- EXERCISE DETAILS: Would you print the listing that follows exactly, but without its pictures?

- DATASET EXTRACT:
++++++
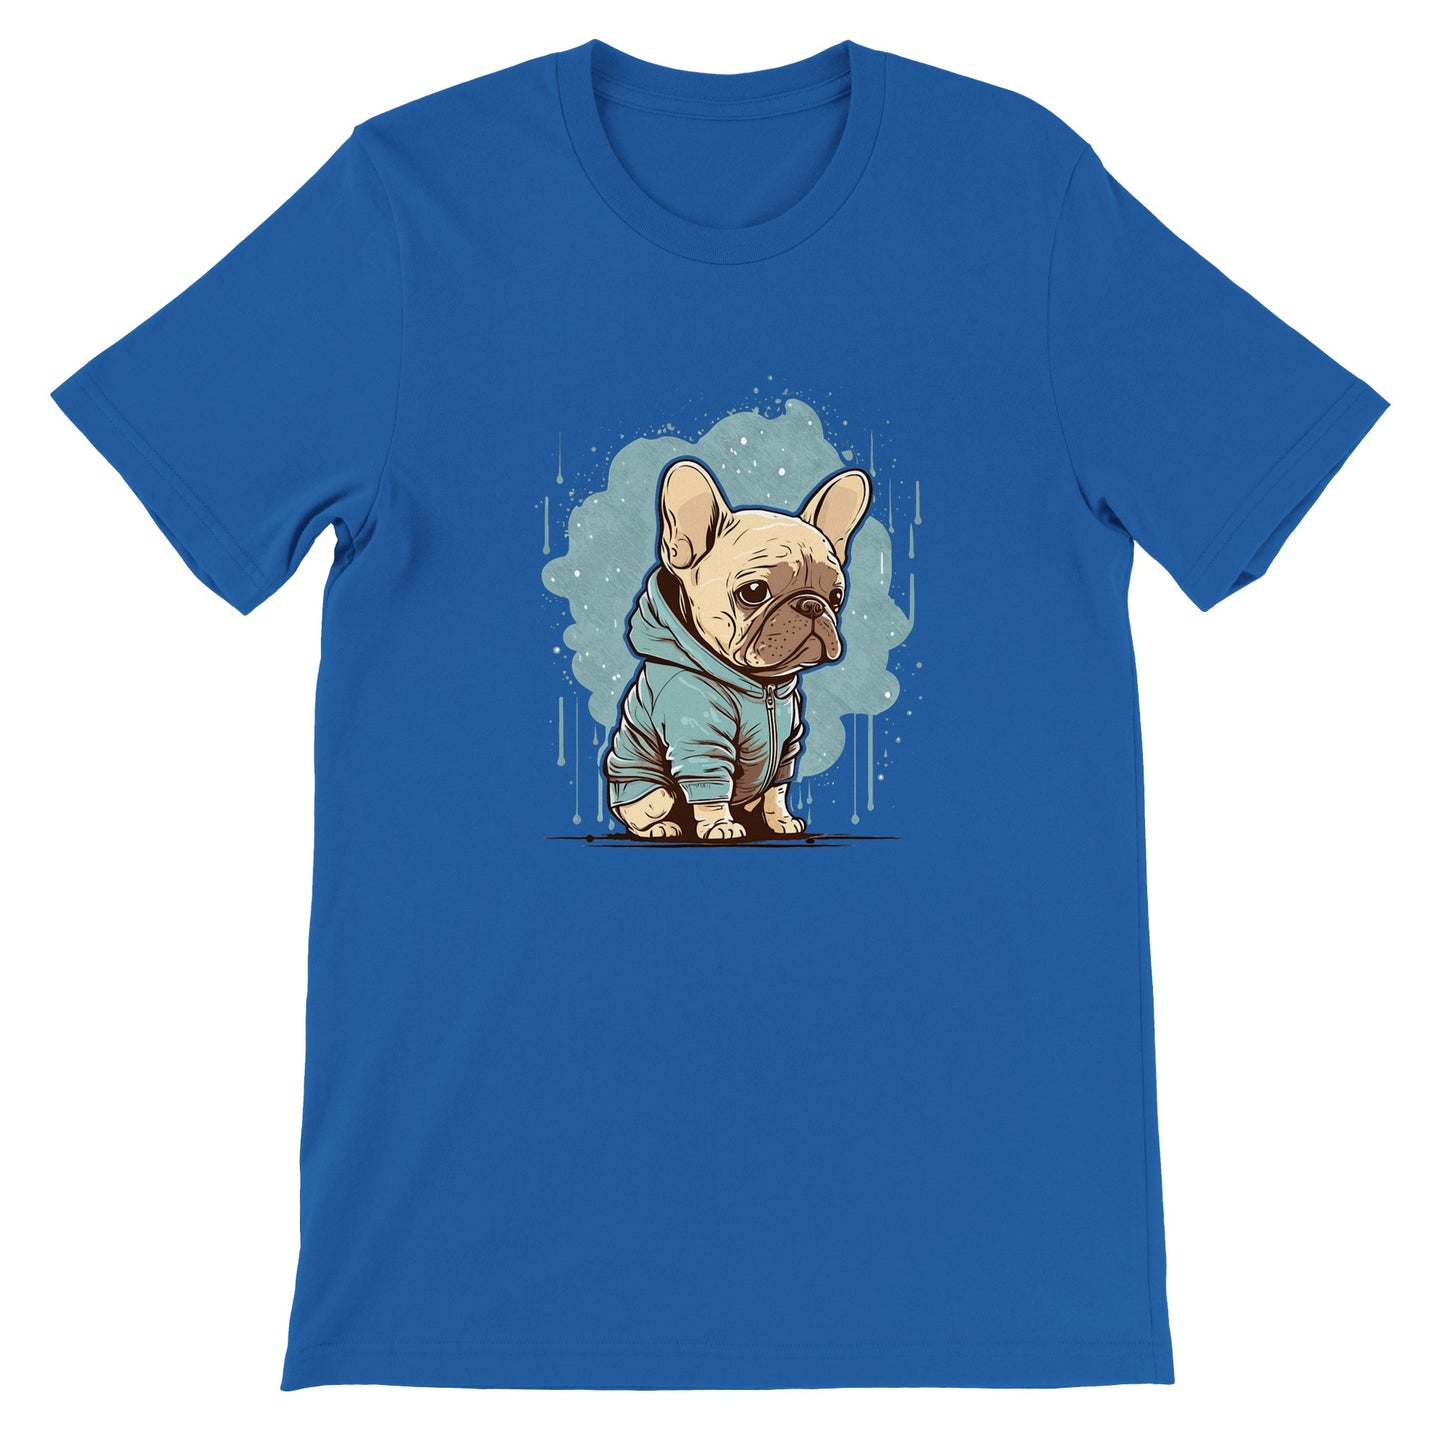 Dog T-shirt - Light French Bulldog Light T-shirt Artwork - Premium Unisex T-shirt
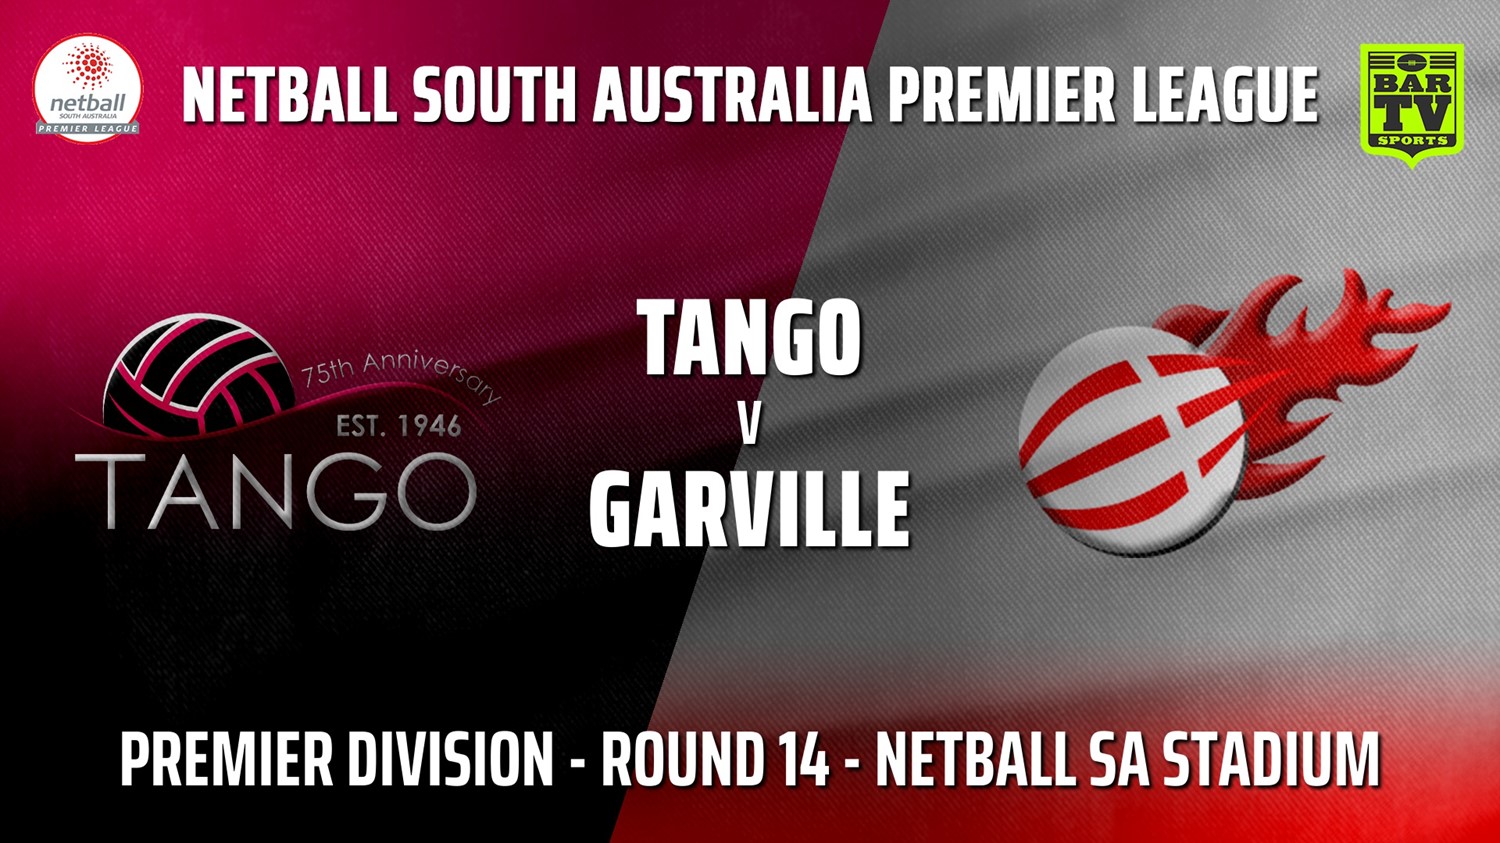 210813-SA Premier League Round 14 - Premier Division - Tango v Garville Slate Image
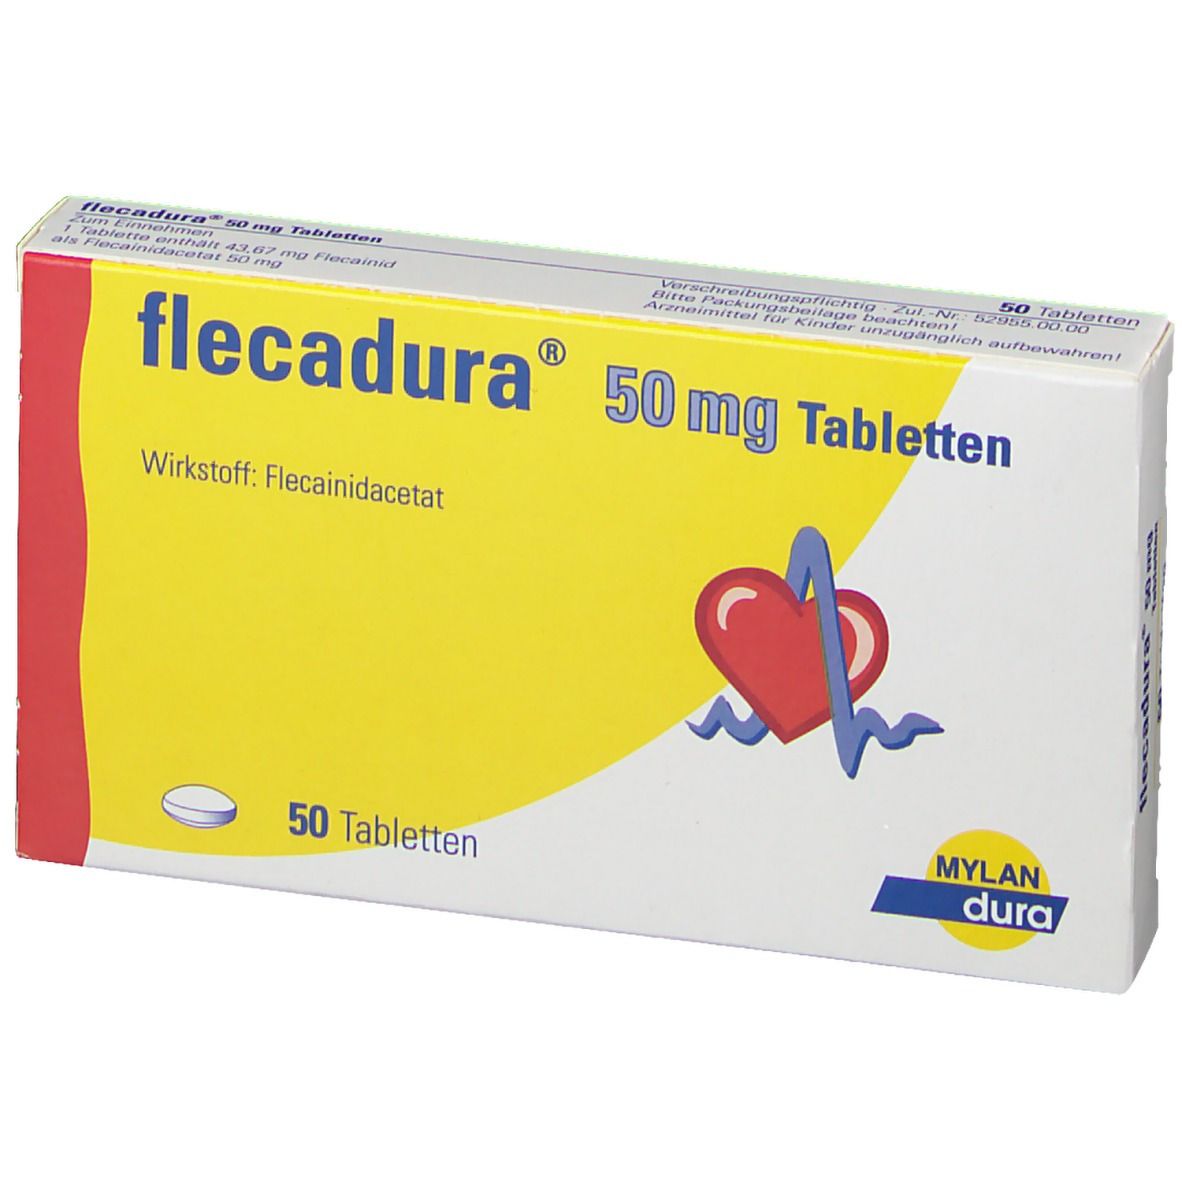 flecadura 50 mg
++++++
- ANSWER TO THIS PROBLEM:
 Dog T-shirt - Light French Bulldog Light T-shirt Artwork - Premium Unisex T-shirt
 210813-SA Premier League Round 14 - Premier Division - Tango v Garville Slate Image
 flecadura 50 mg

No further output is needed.